Why are the other choices wrong?

  • When the interdental incisor distance at maximal mouth opening is less than 4 cm, there is a higher likelihood of mandibular trauma. Imaging would be more likely to reveal fracture in these cases.
  • The presence of a sublingual hematoma is very rare, but when a patient has one, it is suggestive of mandibular fracture. The physician should be highly suspicious for fracture when sublingual hematoma is discovered.
  • Deviation of the chin toward the side of the face that is painful and swollen can indicate mandibular condyle fracture or unilateral dislocation. Dislocation is much more likely to occur as a result of yawning or extreme mouth opening, however, and is rare in trauma. Fracture is more likely in cases of trauma.

REFERENCES

  • Mayersak RJ. Facial trauma.
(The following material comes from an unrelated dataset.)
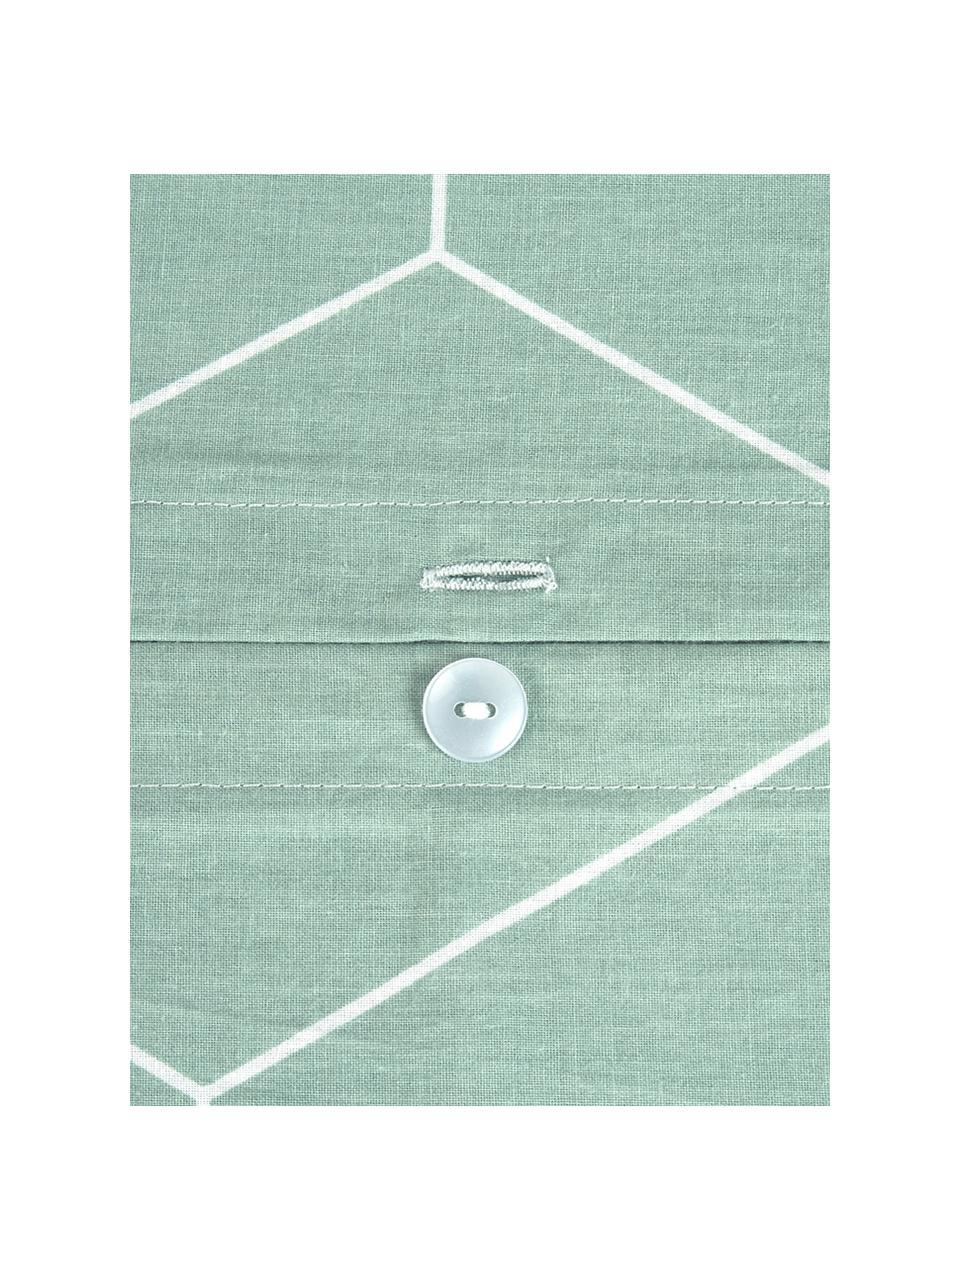 Baumwoll-Kissenbezüge Lynn mit grafischem Muster, 2 Stück, Webart: Renforcé Fadendichte 144 , Mint, Cremeweiß, 40 x 80 cm
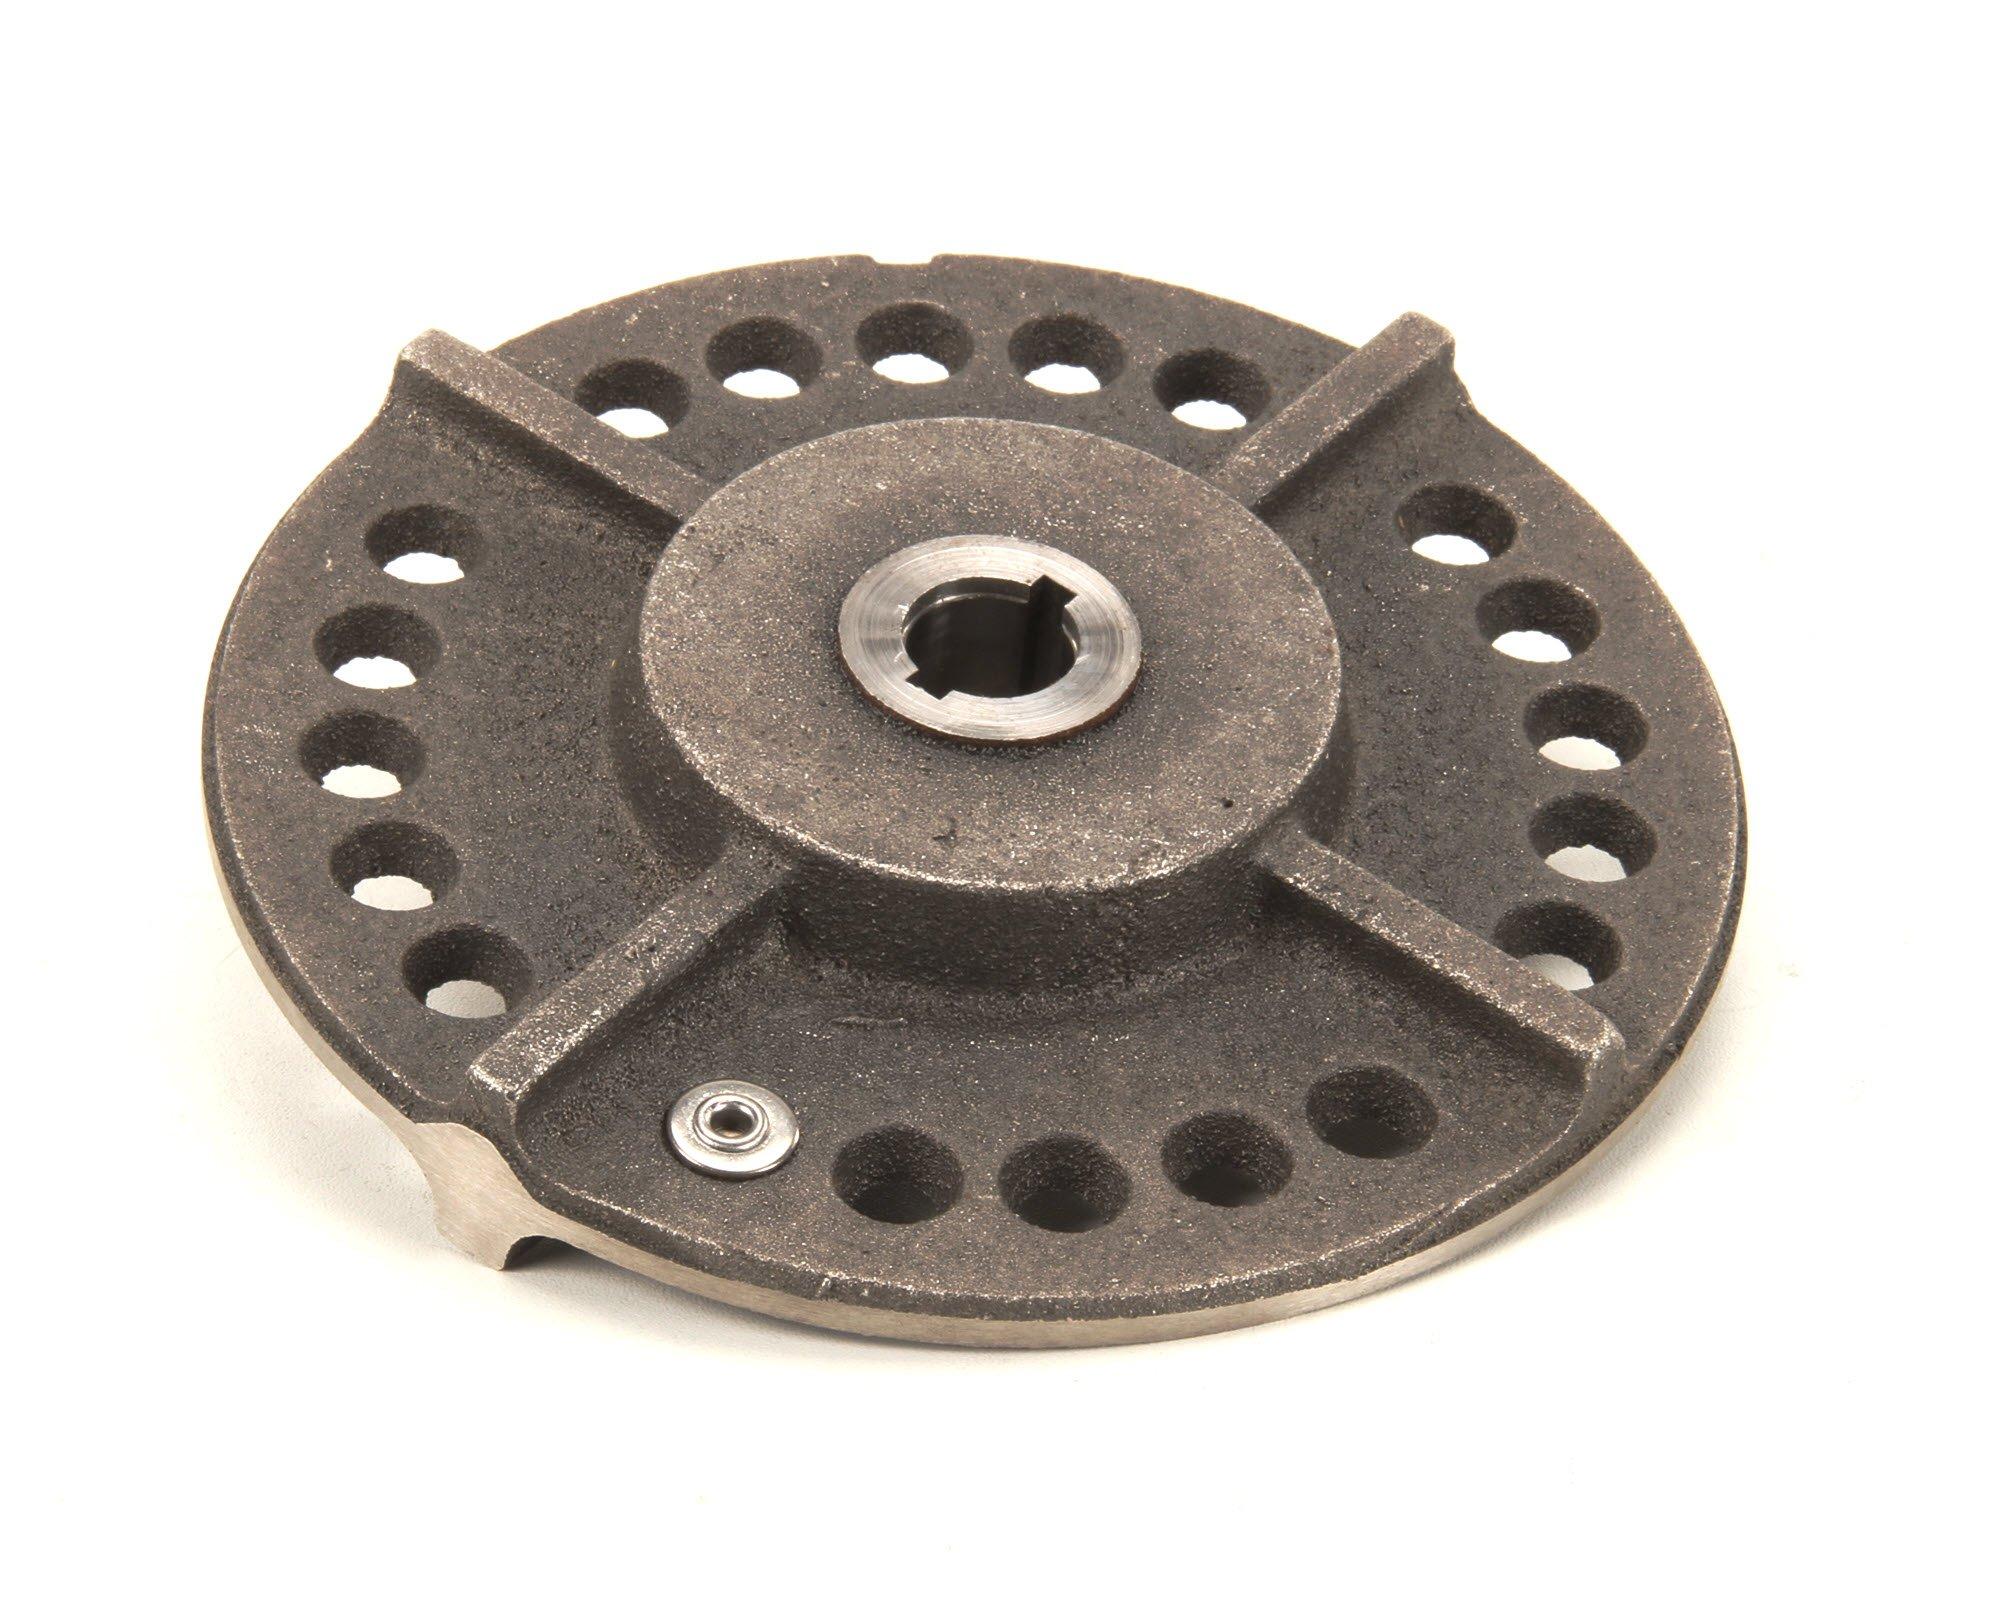 Insinkerator 12946ZZ Rotor Shredder

In: Walls RM, Hockberger RS, Gausche-Hill M, et al, eds. Rosen's Emergency Medicine: Concepts and Clinical Practice. Vol 1. 9th ed. Elsevier; 2018:330-344.
  • Caputo ND. Maxillofacial injuries. In: Wolfson AB, Cloutier RL, Hendey GW, Ling LJ, Rosen CL, Schaider JJ, eds. Harwood-Nuss’ Clinical Practice of Emergency Medicine. 7th ed. Wolters Kluwer; 2021:161-170,
  • Caputo ND, Raja A, Shields C, Menke N. Re-evaluating the diagnostic accuracy of the tongue blade test: still useful as a screening tool for mandibular fractures? J Emerg Med. 2013 Jul;45(1):8-12.